Philippa Garety is Professor of Clinical Psychology and Clinical Director of the Psychosis Clinical Academic Group (CAG), South London and Maudsley NHS Foundation Trust. Garety specializes in the psychological understanding and treatment of psychosis and, in particular, delusions.

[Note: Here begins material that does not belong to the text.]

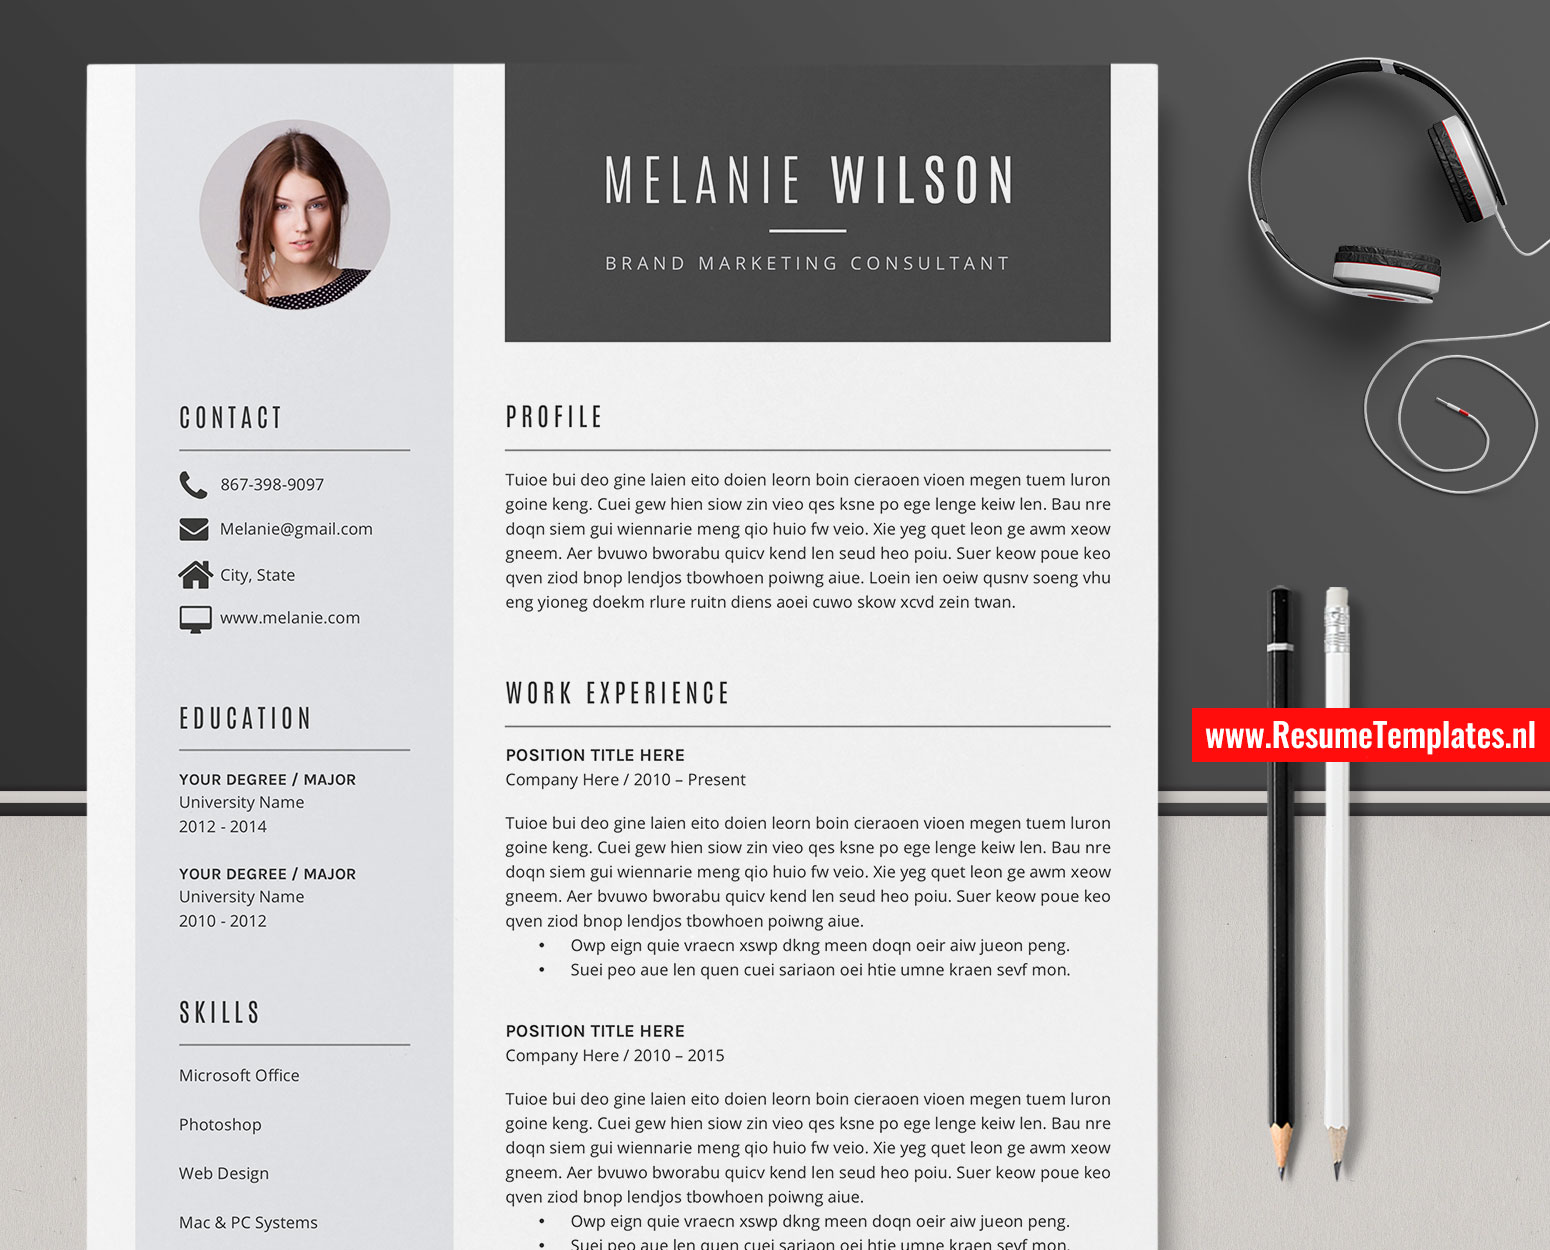 Ms Word Resume Template from www.resumetemplates.nl
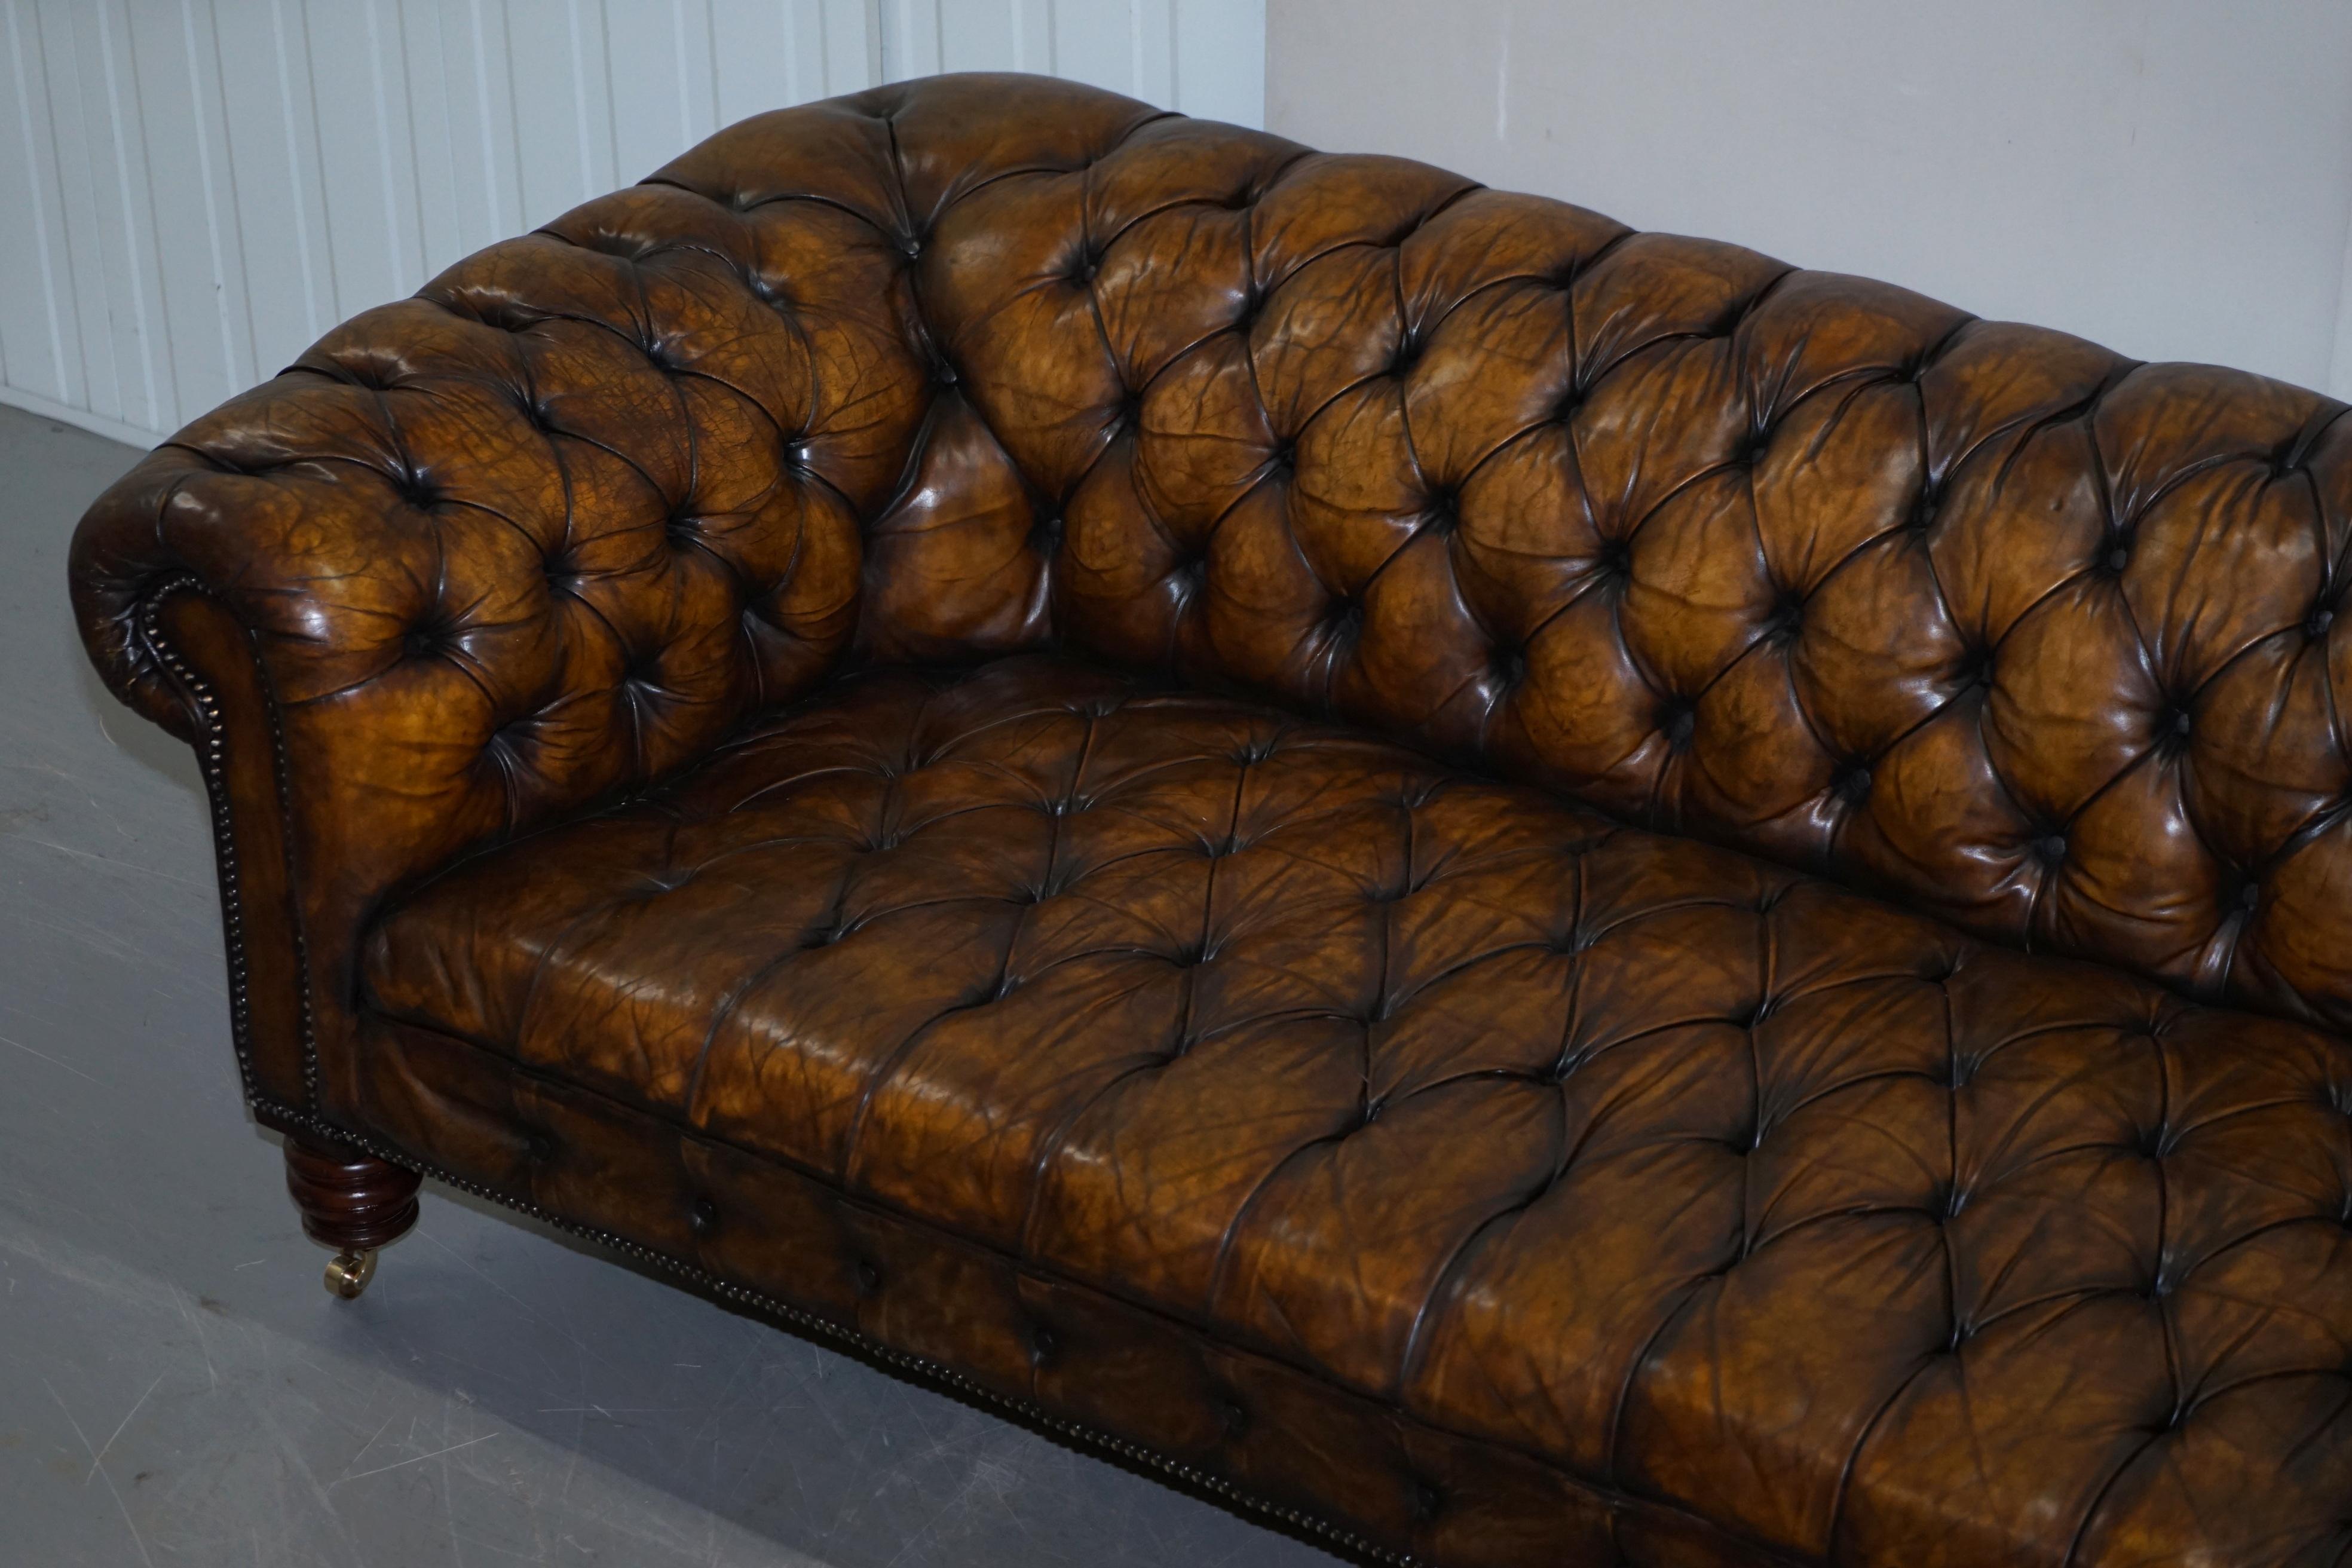 High Victorian Huge Restored Victorian Chesterfield Brown Leather Sofa Horse Hair Coil Sprung

Garety is a Fellow of the British Psychological Society and received the Shapiro award in 2002. In 2008 Garety was selected as a Senior Investigator of the National Institute for Health Research (NIHR).

== Academic career ==
Garety began her career by completing a B.A. in Natural Sciences (Psychology) University of Cambridge in 1979. She then undertook an M.Phil in Clinical Psychology at the Institute of Psychiatry, London University, which she completed in 1981. Garety was awarded her PhD in Psychology from London University in 1990. She later went on to receive an M.A. in Education (Higher and Professional) from the Institute of Education, London University in 1996.

== Employment ==
Garety was the Professor of Clinical Psychology/Trust Head of Psychology King’s College London/South London and Maudsley NHS Foundation Trust (1997-2010).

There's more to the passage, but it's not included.